Saturday, October 10, 2020

"Heat's" Alive

My goodness gracious. Game 5, the first of three straight elimination games for the "Heat" in the NBA Finals, went to Miami in the end--and at the end, 111-108.

Jimmy Butler has established himself in these Finals as one of the starting five greatest players in today's NBA. Jimmy but up his second 3W of the Finals, out-playing the King. Butler played all but one minute, at point slumped on a video table in evident exhaustion and finished with 35 points on 11/19 field shooting, 1/3 from range and 12/12 from the line; 12 rebounds, 11 assists, 5--5!--steals and a block. King James was game high with 40 points, 14 boards, 7 assists and 3 steals in 42 minutes.

Butler, more than any other player who has ever played for the "Heat", yes more than Dwyane Wade, is the instantiation of "Heat" Culture. Butler has an unquenchable fire within, the biggest playing heart, heroic will. He refutes, smashes, demolishes, the truism in sports and war, that fatigue makes cowards of us all. You want quit, look to the Oval Office, look to the King on the other team. Butler and this "Heat" team have not a quit cell in their bodies.
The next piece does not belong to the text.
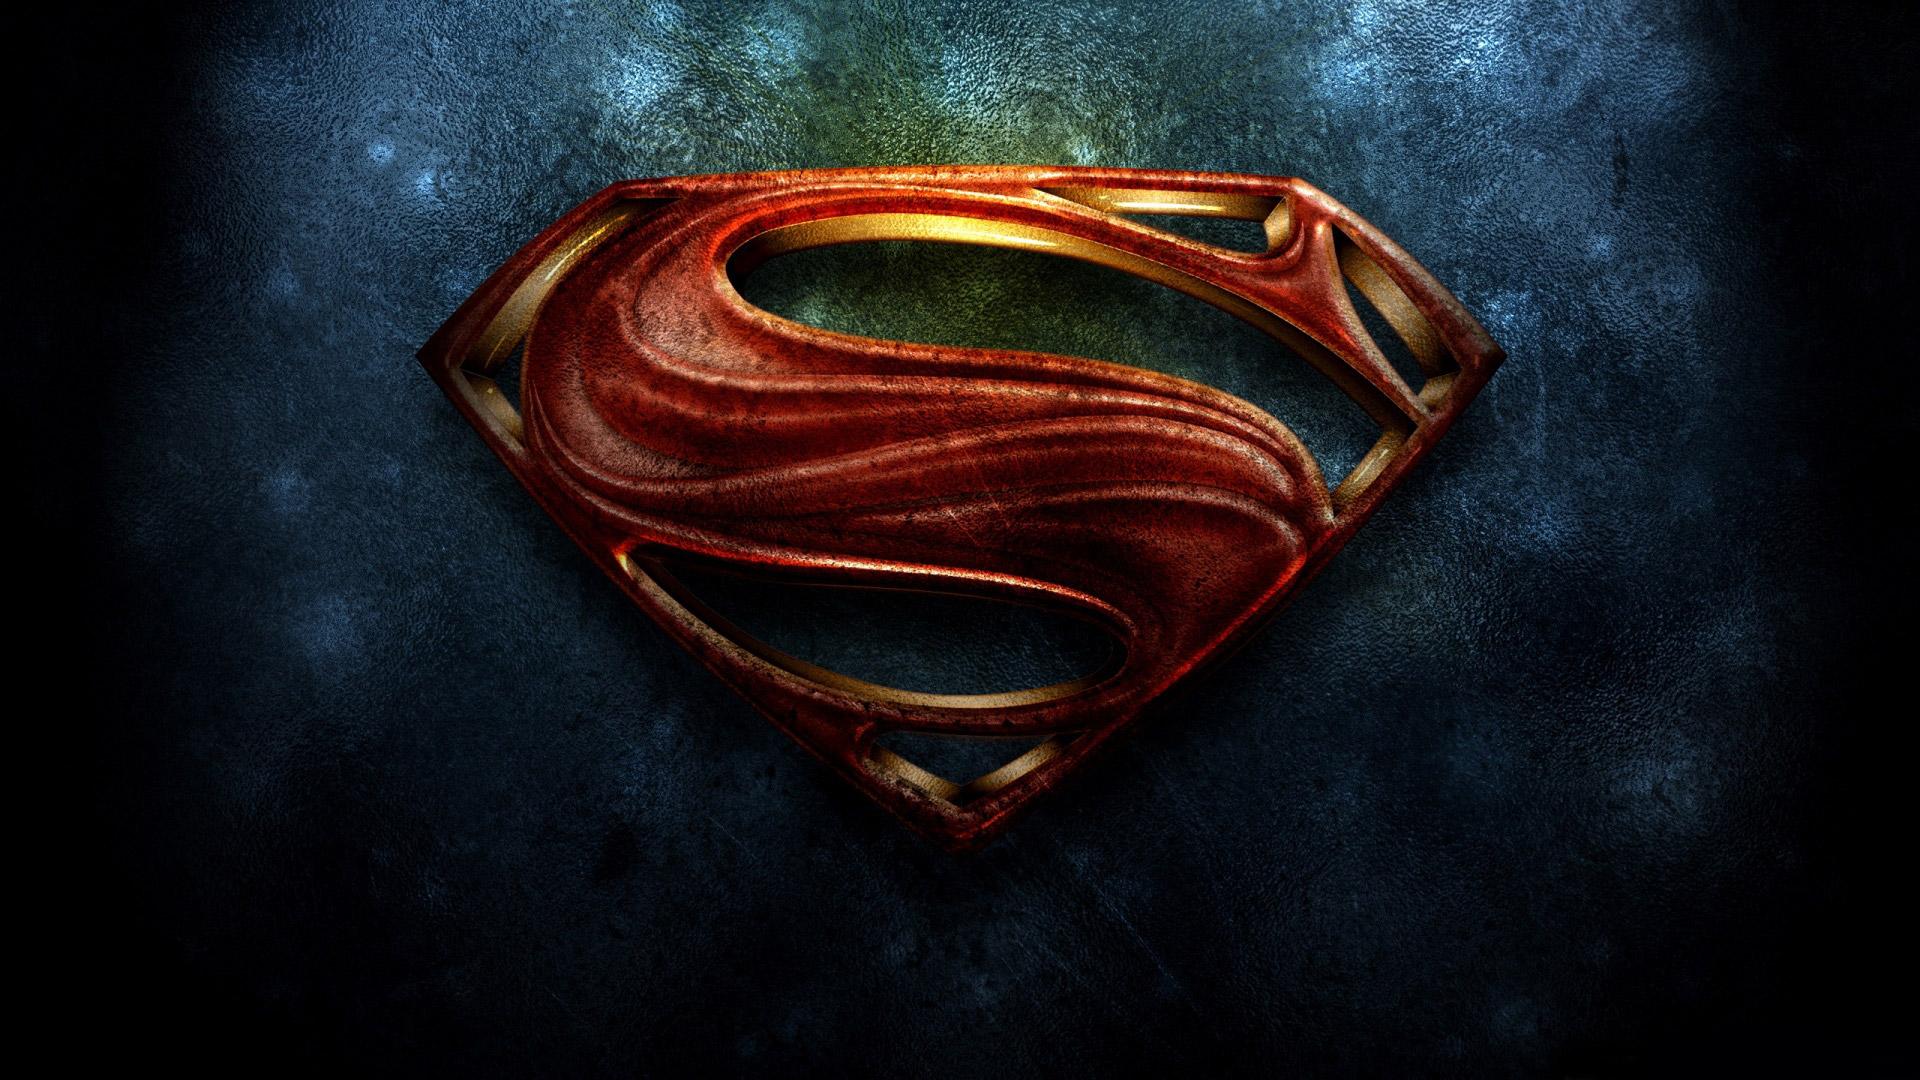 2013 Superman Logo Wallpaper wwwgalleryhipcom   The 1920x1080

This being the "Heat" it was not just a matter of Jimmy out-willing, out-burning, out-performing LeBron James. This is a Team. Miami had six players in double figures. Next high to Butler was Duncan Robinson with 26. Kendrick Nunn had 14 as last man off the bench. Ailing Bam Adebayor had a quiet 13. Tyler Herro had 12 and Jae Crowder 11. On the other side Anthony Davis got much the better of Bam with a full stat line of 28, 12, 3, 3, and 3. Kentavious Caldwell-Pope was the only other "Laker"in double figures with 16. Six double scorers for Miami, three for the uber-talented odds-on favorites. 

In any other year this would be the grandest story and the "Heat" America's team. But in that other year they might not even be here. Life in a Bubble becomes Miami. They have one more elimination game Sunday and if they are still alive then, a double elimination Game 7. It is the grandest story nobody knows. It will be in that pantheon of classics ignored in the press of events if this Miami team can come back from a 3-1 deficit, win it all and send the "King" off the court with time remaining, giving up on his team yet again. 

The soul of all sport lives at 601 Biscayne Blvd and particularly in the chest and gut of number 22 in red and white. We are all witnesses.